Making your home more energy efficient has multiple benefits. It’s not just beneficial for saving you money on your energy bills (although this should be enough to convince you), it will also increase the comfort of your home, improve the resale value of it and massively reduce the carbon footprint it emits.
There’s just one problem: who do you turn to when it comes to finding out what part of your home is wasting the most energy? You could call in a professional to include an energy audit for you, which is fine, but did you know you could just as easily complete this process yourself and save a few of your hard-earned pounds?
Scrutinise your insulation
Did you know that over 60% of the heat generated in your home can be lost due to improper insulation?

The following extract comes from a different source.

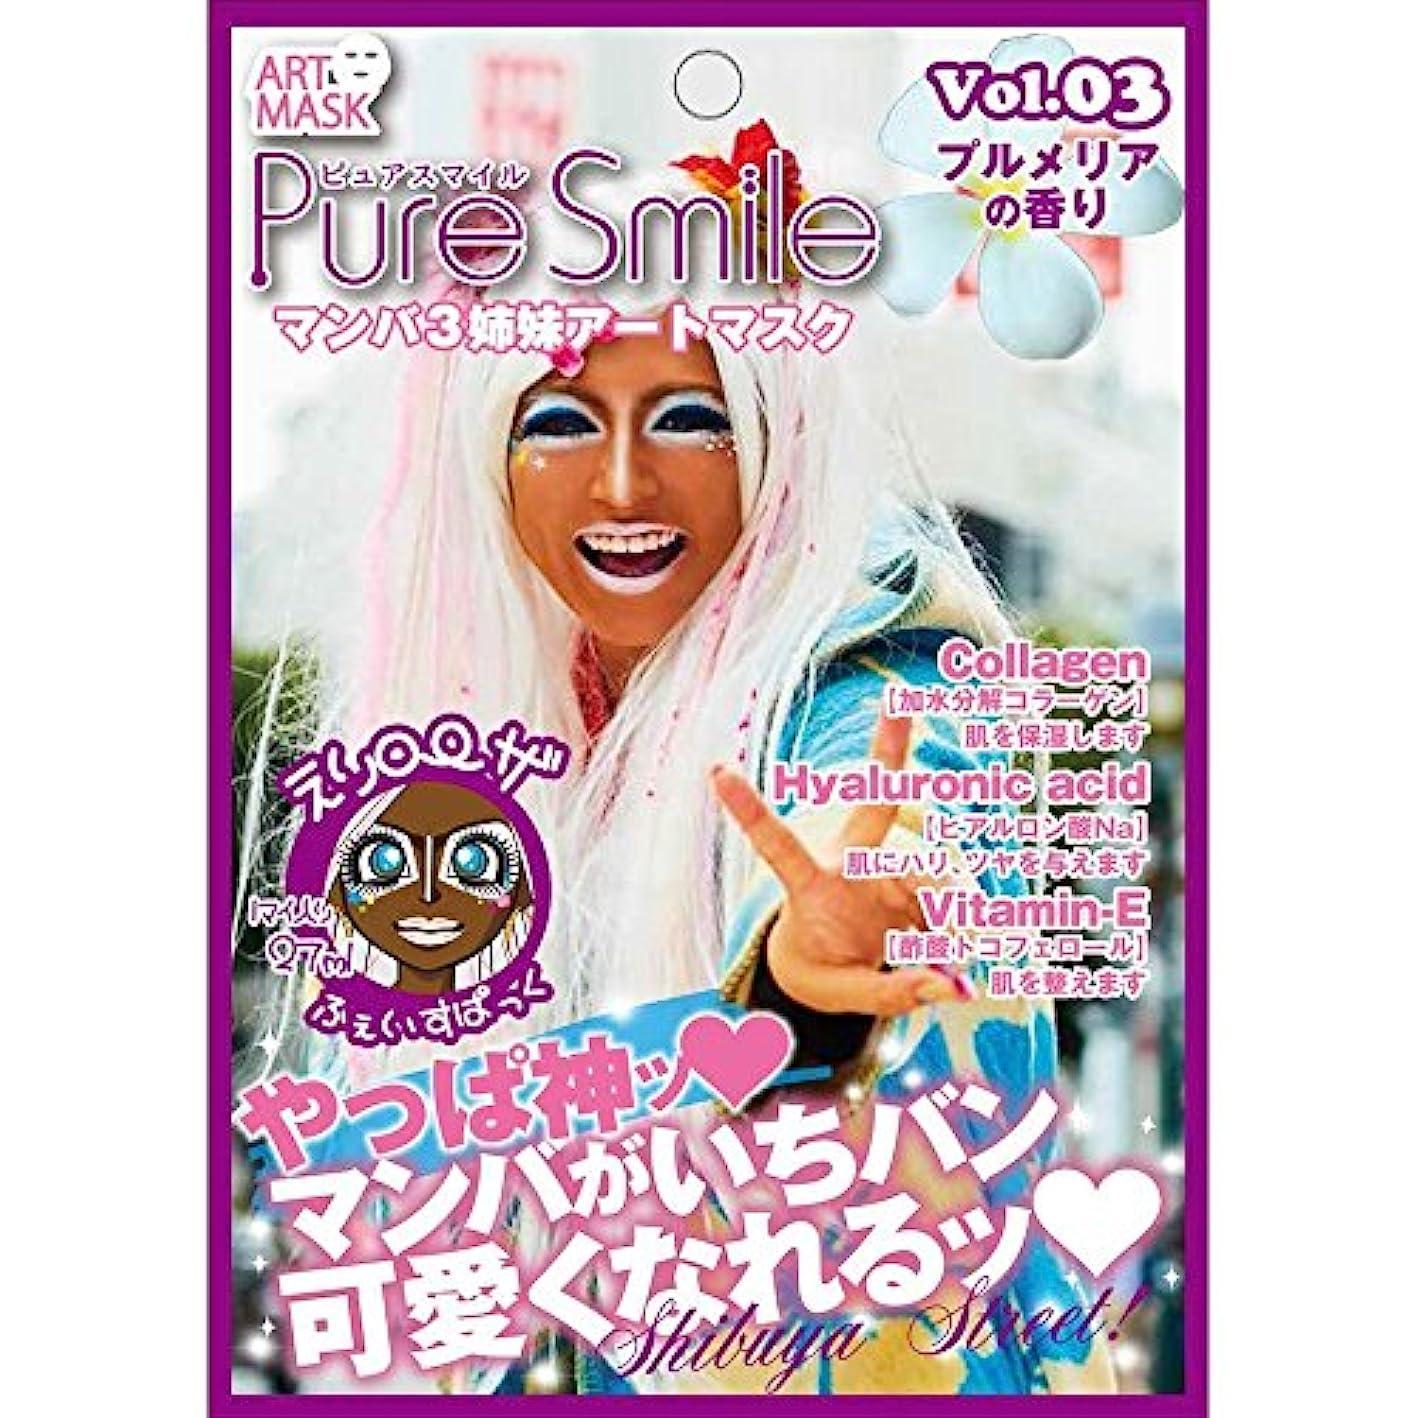 誘惑する主張するネクタイピュアスマイル 『マンバ3姉妹シリーズアートマスク』(えりローザ/プルメリアの香り)

If possible, check out the condition of the insulation in your roof by going into the attic and see if you can find any wear/damage. At the time of your home being built, the builder will have followed the recommended levels of insulation at the time, which have steadily increased over the years – if your home is older, you’re much more likely to need more than you already have.
Go draught hunting
Draughts can waste up to 20% of your energy bills per year, so be sure to make a list of all the areas you can feel a leaking of air around your house. When you have this list, make sure you’re using the appropriate materials to seal these cracks, such as caulk or weather-stripping.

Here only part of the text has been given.